The forgotten stepchildren of the Great Awakening are America's skeptics and unbelievers. Once average citizens realized they had a right to choose which church to attend and how to worship God, they also grasped that they had the right to choose to not believe. While the vast majority of the new country's population continued to believe and created an Americanized evangelical version of Christianity, a small and often vocal minority chose to exercise their right to not believe. In time, this faction created a distinctly American version of atheism, one that added a great deal of original thought to that of European freethinkers.

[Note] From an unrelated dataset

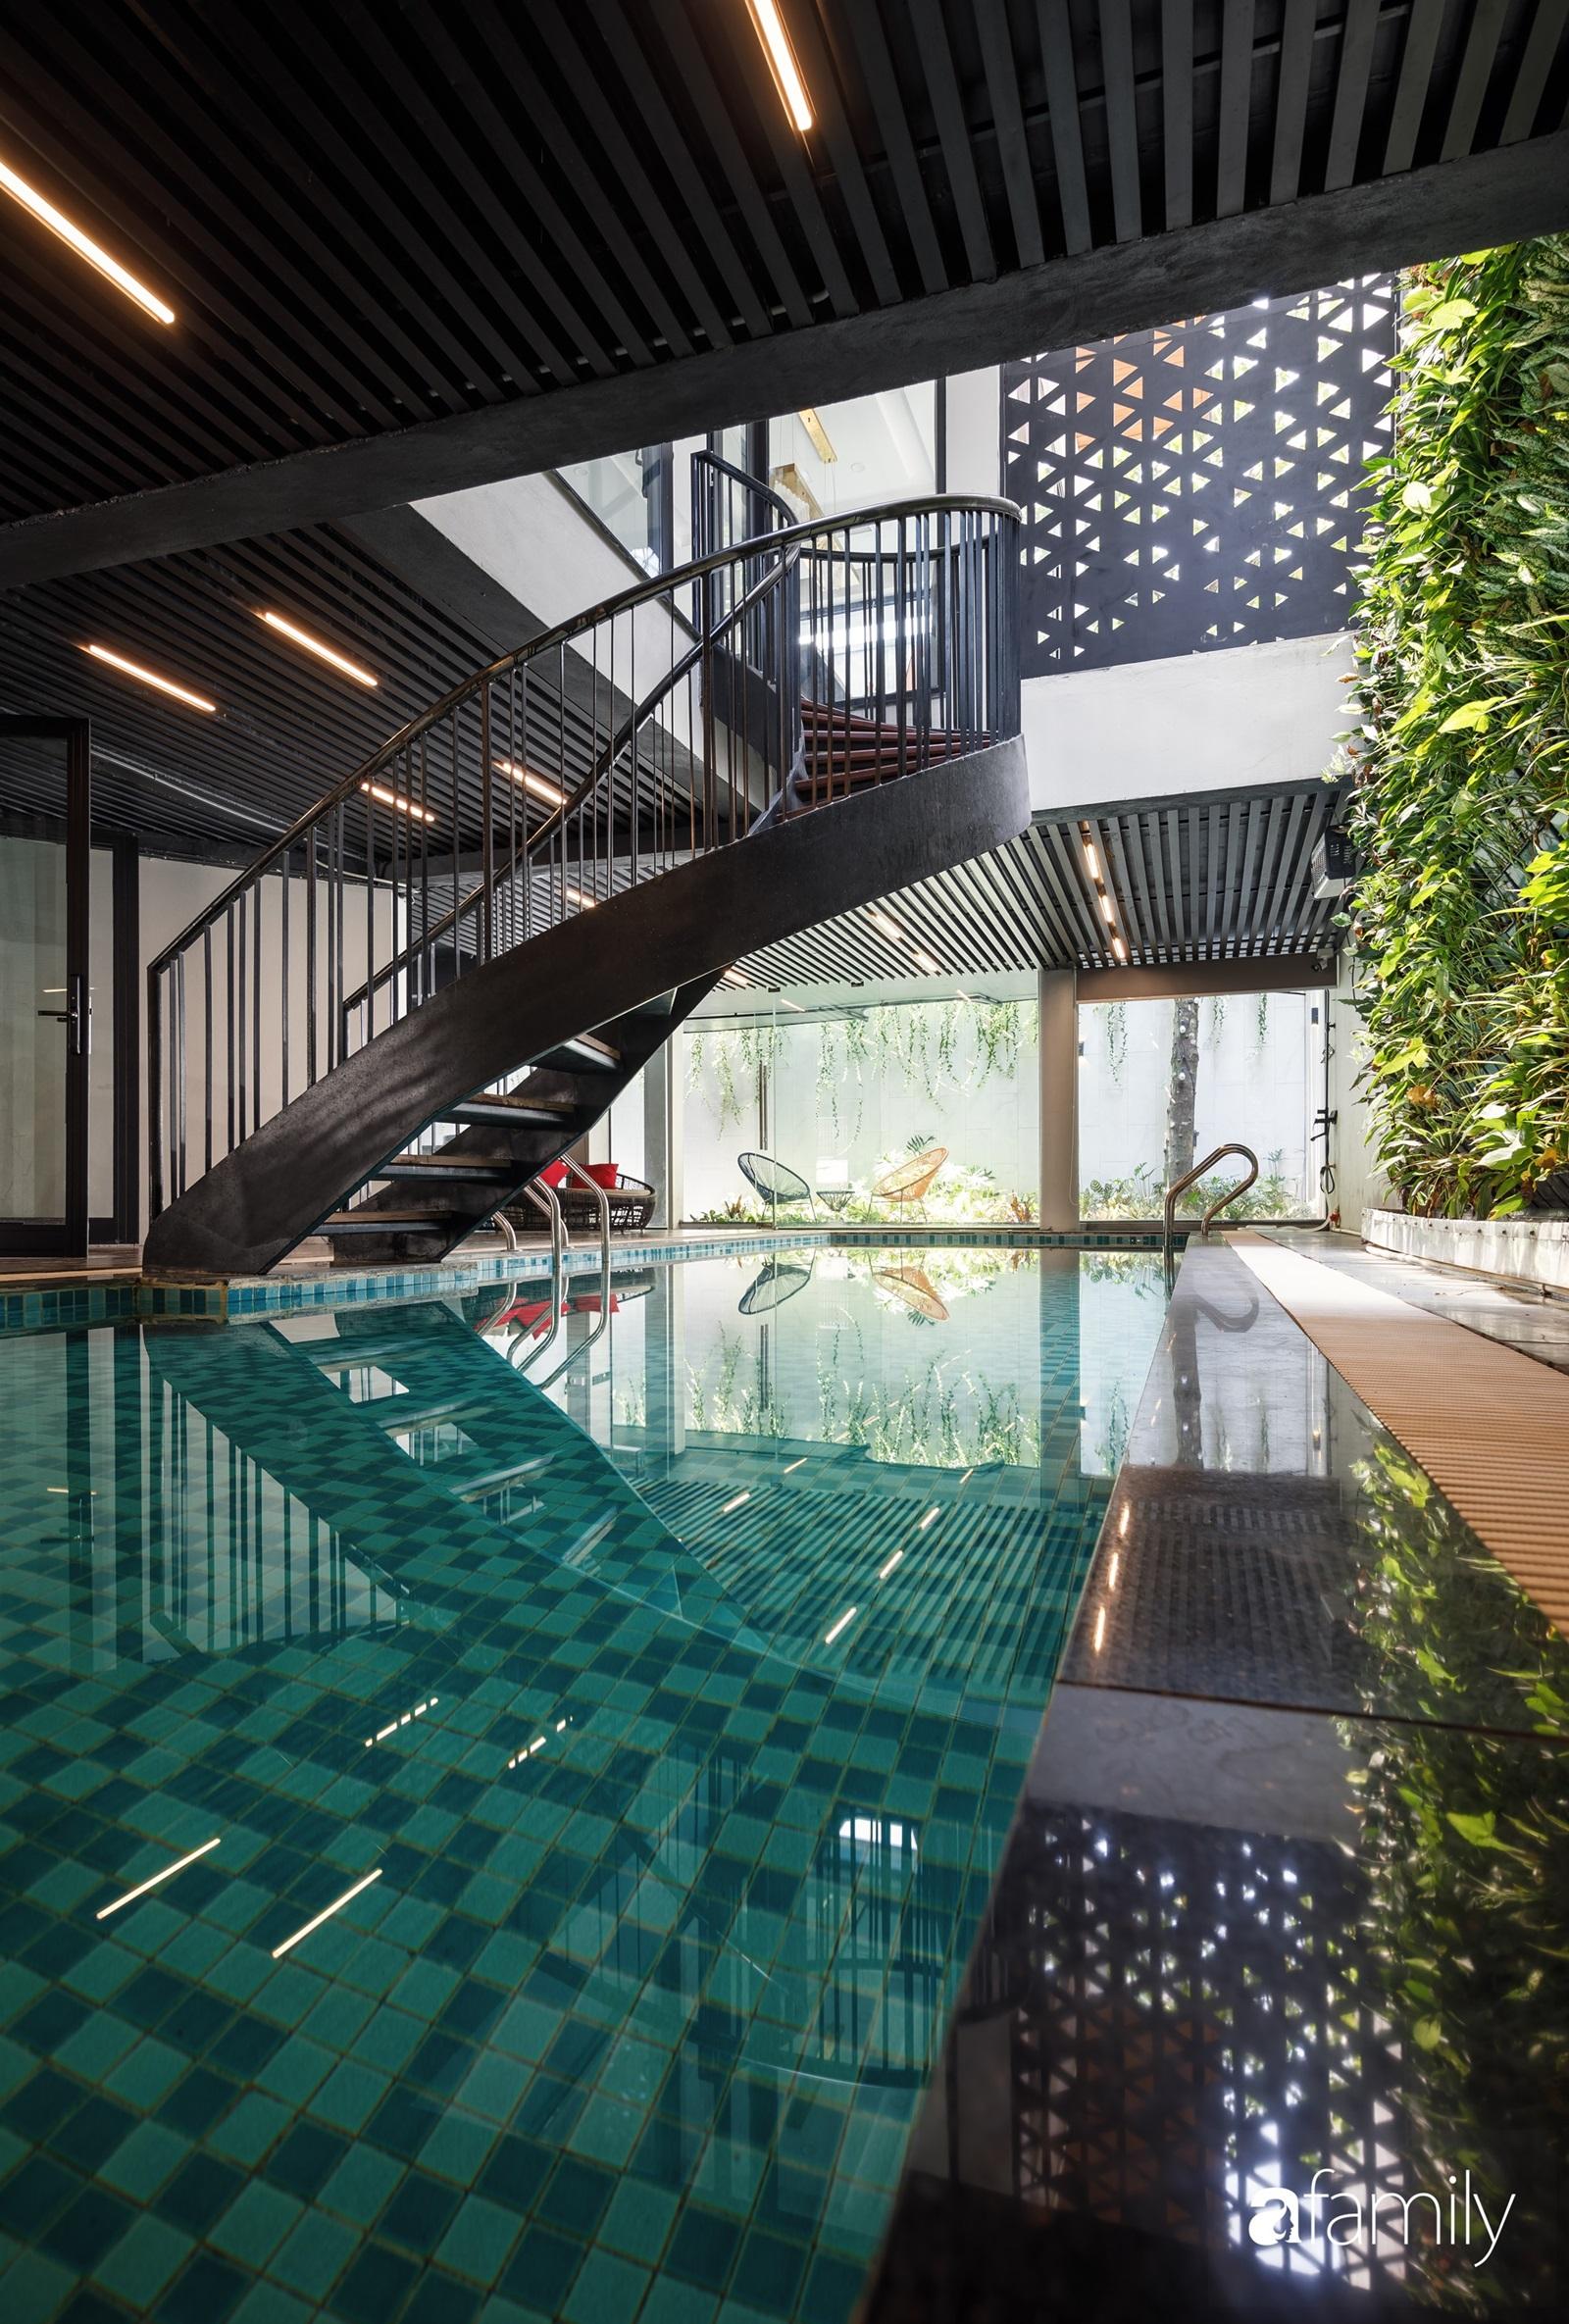 Biệt thự vườn phóng khoáng, hiện đại ở ngoại thành Hà Nội - Ảnh 8.

In his book Village Atheists: How America's Unbelievers Made Their Way in a Godly Nation, Leigh Eric Schmidt gives these people their rightful voice in the history of American religion.

While the scope of this book reaches from the eighteenth to the twenty-first century, from Thomas Paine to Christopher Hitchens, the bulk of the book focuses on mostly forgotten nineteenth-century skeptics. The introduction and extended epilogue are largely reserved for the analysis of the eighteenth and twentieth centuries. The book is well researched, and Schmidt has extensively examined sources that have not been analyzed in any depth before. The author's analysis of the life and work of the cartoonist Watson Heston will be of particular interest to those who study cartoon images as material history. The examination of Heston's cartoons is worth the price of the book alone, but it is not the only exceptional feature of this work. The people whom Schmidt explores range from the better-known Robert Green Ingersoll to less well known subjects such as Samuel Porter Putnam, Charles B. Reynolds, the fascinating ex-Quaker Elmina Drake Slenker, and others.

Modern American culture, our understanding of the Constitution, and American religion itself would look much different had these brave gadflies not done their unpopular work. Always a minority with little, if any, political clout, these skeptics and atheists nonetheless crusaded for what they felt was just in a truly democratic republic. Their ongoing battles with the moral powers-that-be are a fascinating and timely theme of this book. Of particular note are the common confrontations between many of these people and Anthony Comstock, the founder of the New York Society for the Suppression of Vice. Comstock's name became synonymous with censorship and prudery, and his use of the postal service to entrap and prosecute freethinkers and others aroused the ire of many civil libertarians. The United States would be much different without these battles. Religious people can thank these skeptics and atheists for some of the freedoms they now enjoy, as the civil liberties that skeptics fought for spilled over to protect other unpopular religious minorities.

The book is well organized and well written. It would be good for both popular and scholarly audiences. Schmidt has done exhaustive research, and the endnotes are often as interesting as the text itself. The book is a timely companion to the study of American religion as well as the history of American civil rights. A 2014 Pew Research Center study shows that while the number of atheists in the United States has increased, atheists remain a very small [End Page 966] minority. Nevertheless, they are an integral part of the American religious landscape, and they have managed to do plenty in the nation despite their small numbers. Schmidt's book is a refreshing read and will add a great degree to our understanding of this often ignored, more often maligned, group.